Skale looked at him for a moment as a man might look at some trifling
phenomenon of life that puzzled yet interested him. But there was love in his
eyes--love, and the forgiveness of a great soul. Spinrobin, afraid at his own
audacity, met his eyes recklessly, while Miriam peered from one to the other,
perplexed and questioning.
"Spinrobin,"
said the clergyman at length, in a voice turned soft and tender with
compassion, "the name I seek--this awful name we may all eventually utter
together, completely formed--is one that no living man has spoken for nigh two
thousand years, though all this time the search has been kept alive by a few
men in every age and every country of the world. Some few, they say--ah, yes,
they say--have found it, then instantly forgotten it again; for once pronounced
it may not be retained, but goes utterly lost to the memory on the instant.
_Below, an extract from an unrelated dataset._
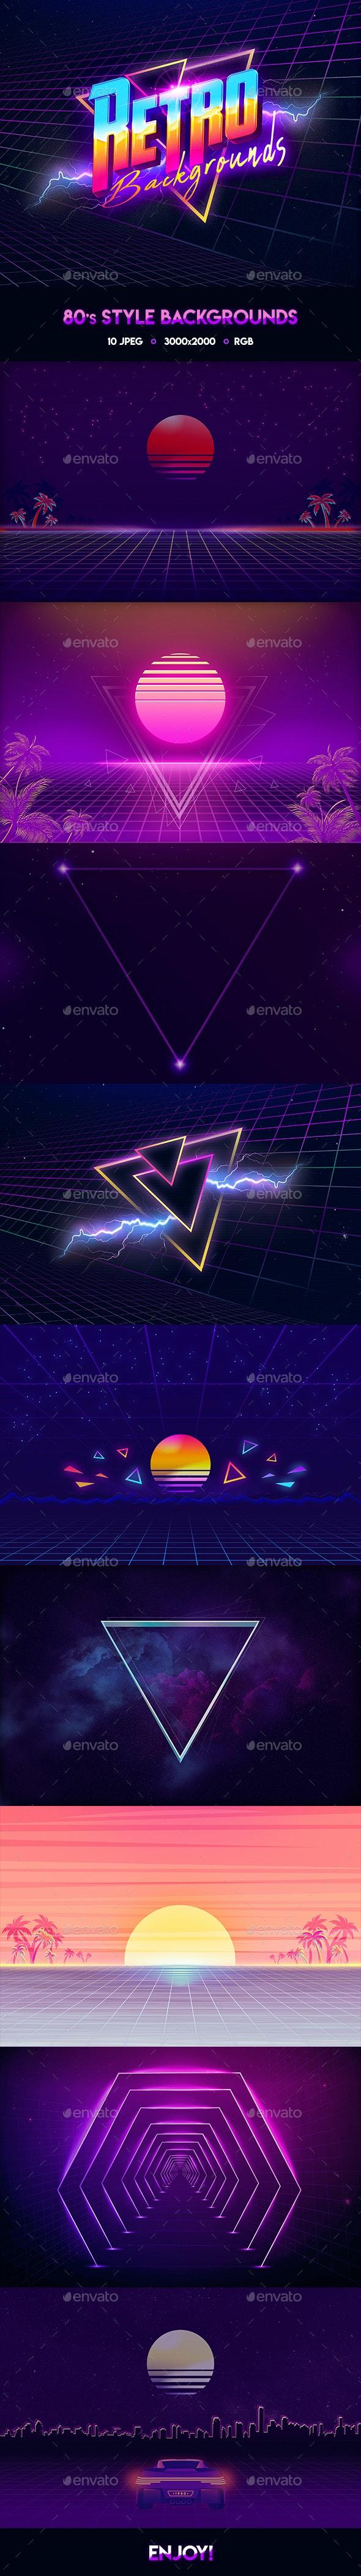 80s Retro Backgrounds 2 - Tech / Futuristic Backgrounds

Only once, so far as we may know"--he lowered his voice to a hushed and reverent
whisper that thrilled about them in the air like the throbbing of a
string--"has it been preserved: the Prophet of Nazareth, purer and simpler
than all other men, recovered the correct utterance of the first two syllables,
and swiftly--very swiftly--phonetically, too, of necessity,--wrote them down
before the wondrous memory had time to fade; then sewed the piece of parchment
into his thigh, and hence 'had Power' all his life.
"It
is a name," he continued, his tone rising to something of its old thunder,
"that sounds like the voice of many waters, that piles the ocean into
standing heaps and makes the high hills to skip like little lambs. It is a name
the ancient Hebrews concealed, as Tetragrammaton, beneath a thousand devices,
the name, they said, that 'rusheth through the universe,' to call upon
which--that is, to utter correctly--is to call upon that name which is far
above all others that can be named--"
He
paused midway in the growing torrent of his speech and lifted his companion out
of the sofa. He set him upon his feet, holding both his hands and peering deep
into his eyes--those bewildered yet unflinching blue eyes of the little man who
sought terrific adventure as an escape from insignificance--
"--to
know which," he added, in a sudden awed whisper, "is to know the
ultimate secrets of life and death, and to read the riddle of the world and the
soul--to become even as itself--Gods."
He
stopped abruptly, and again that awful, flaming smile ran over his face,
flushing it from chin to forehead with the power of his burning and tremendous
belief.
Spinrobin
was already weeping inwardly, without sound. He understood at last, only too
well, what was coming. Skale's expression held the whole wild glory, and the
whole impious audacity of what seemed his blasphemous spiritual discovery. The
fires were alight in his eyes. He stooped down lower and opened wide his
capacious arms. The next second, Spinrobin, Miriam, and Mrs. Mawle, who had
unexpectedly come upon them from behind, were gathered all together against his
breast. His voice then dropped suddenly to a tiny whisper of awful joy that
seemed to creep from his lips like some message too mighty to be fully known,
and half lost itself among the strands of his beard.
"My
wonderful redeemed children, notes in my human chord," he whispered over
their heads, "it is the Name that shall make us as God, for it is none
other than the Name that rusheth through the universe"--his breath failed
him most curiously for an instant--"the NAME OF THE ALMIGHTY!"